Extreme Light: No Limits
Another highlight is extreme light. Through the development of ultra fast lasers with pulse widths in the femto- and attosecond range extreme powers are possible. Such lasers are used as production tools already today, even more powerful versions are being developed and built in the ELI “Extreme Light Infrastructure” project in Europe. Extremely energetic pulses will enable completely new technologies. One such new technology is the substitution of synchrotrons and the generation of synchrotron radiation for medical and other applications. Today a synchrotron costs upwards of a hundred million Euros and is few hundred meter in diameter. It is conceivable to build a table top version of this using ultra short pulse lasers to generate ion or proton beams, that are used for the treatment of cancer and new types of cancer diagnoses. It will even be possible to use such energy in the transformation of nuclear waste to benign isotopes with very short half life times. The use of high energy lasers indeed seems to be without limits.
Enabler of digitalization
Photonics is a powerful and high-tech industry, creating leading edge technology for a worldwide 650 billion Euros market in 2020. But photonics is more than just a successful high-tech industry.
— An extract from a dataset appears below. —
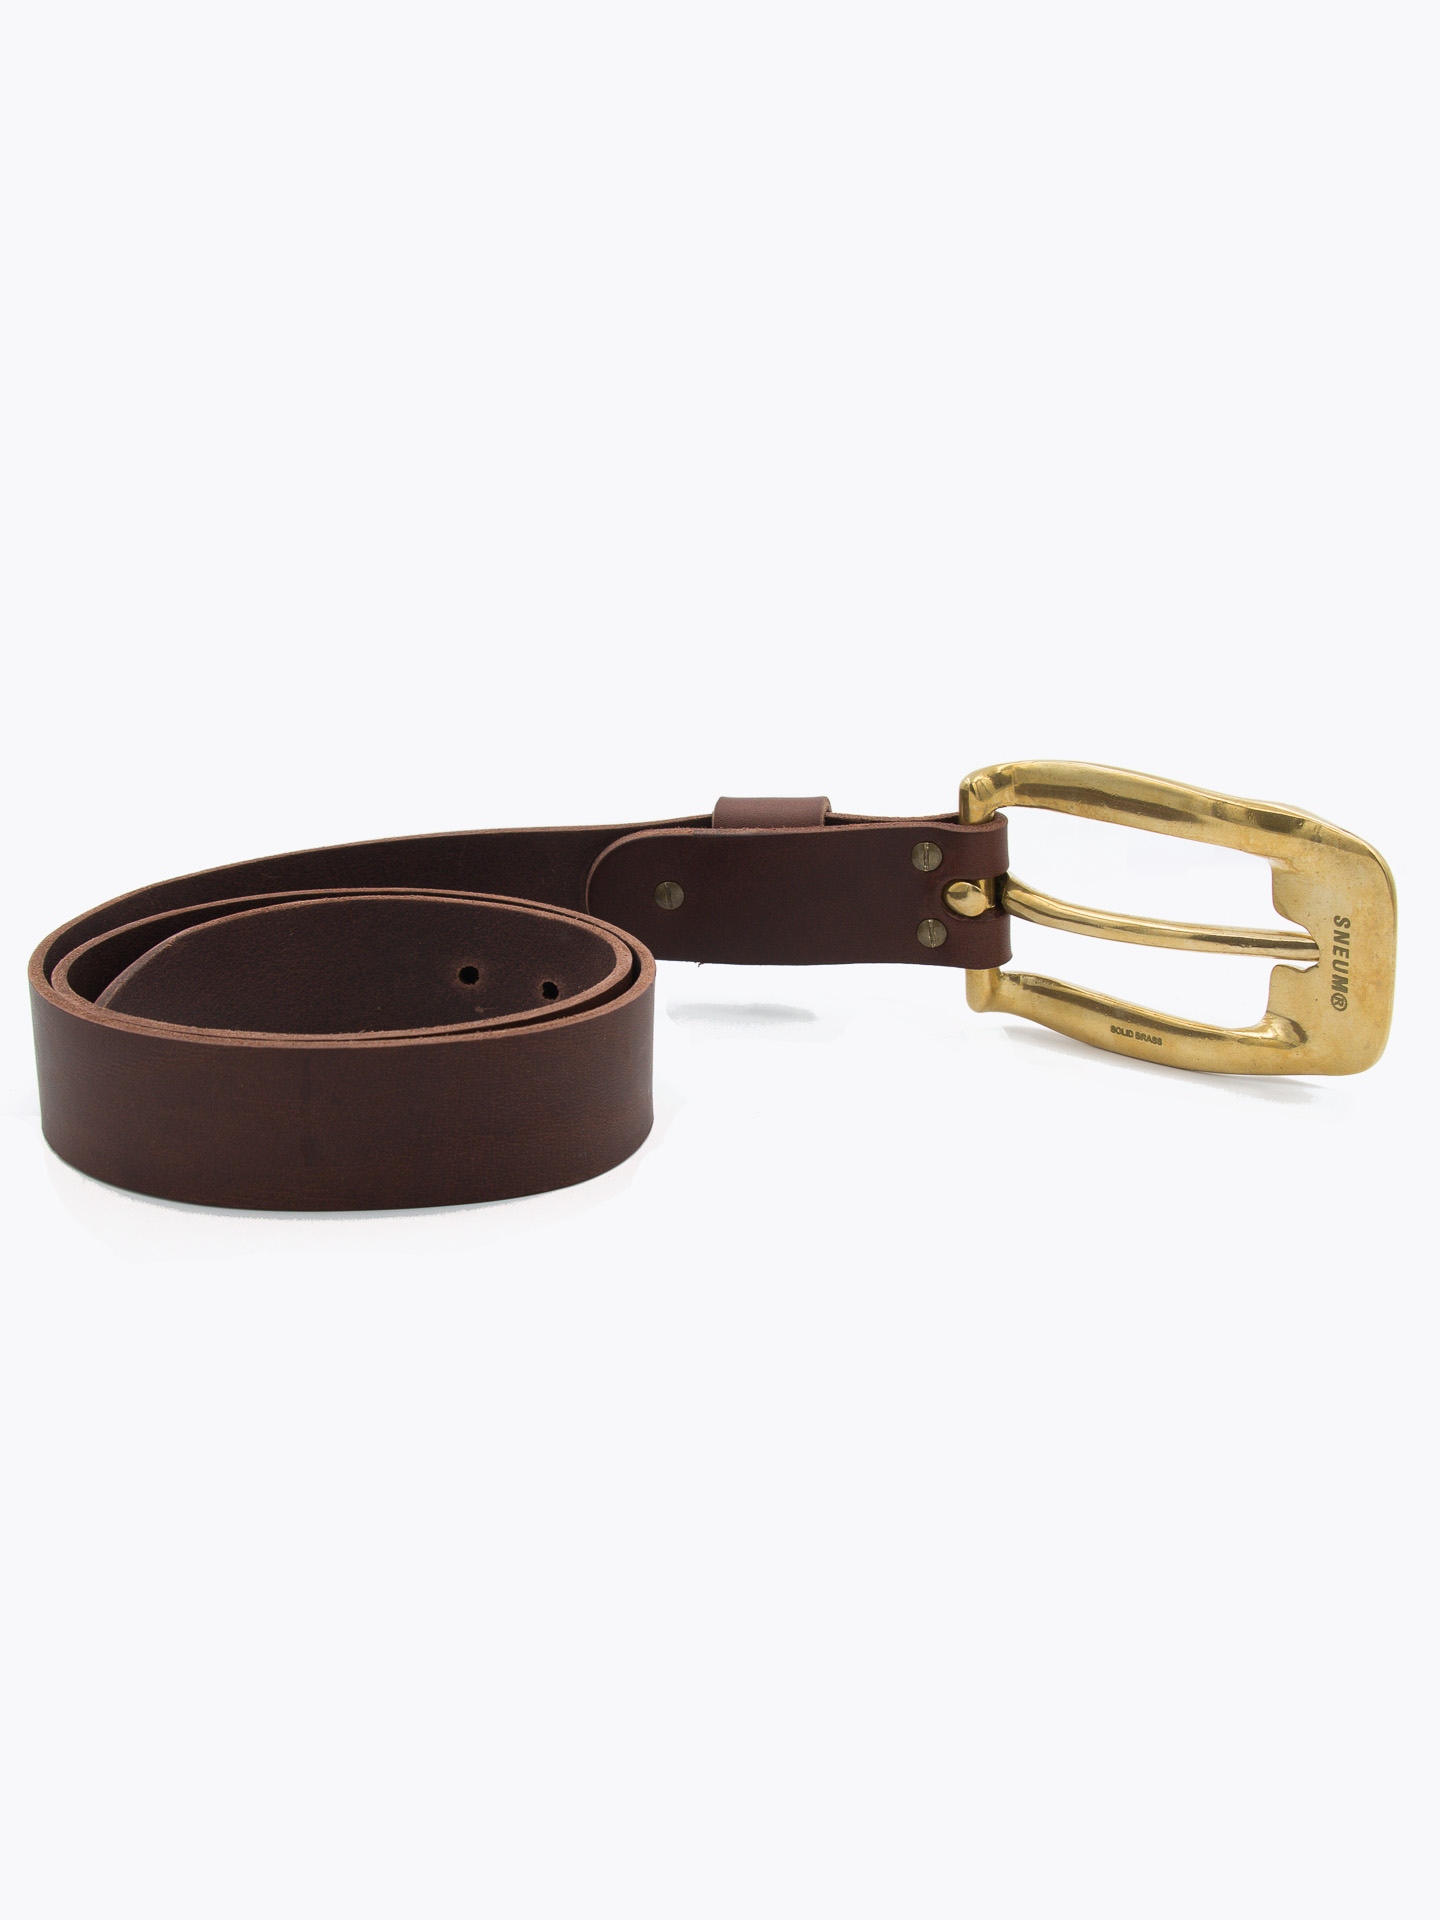 The Hopper Belt Denni Hopper belt Large brass buckle belt The american dreamer Lawrence Schiller

It is the enabler of digitalization in many ways. This leads to huge opportunities and risks for our industry at the same time. The opportunities are obvious. But, with the markets we serve, through the industries we enable, we will have to change ourselves.
Because we disrupt, we will be disrupted. If we do it well, photonics will be the glue and the enabler for the big topics in the digital society. The solutions will be to be the drivers of the change, not the victim.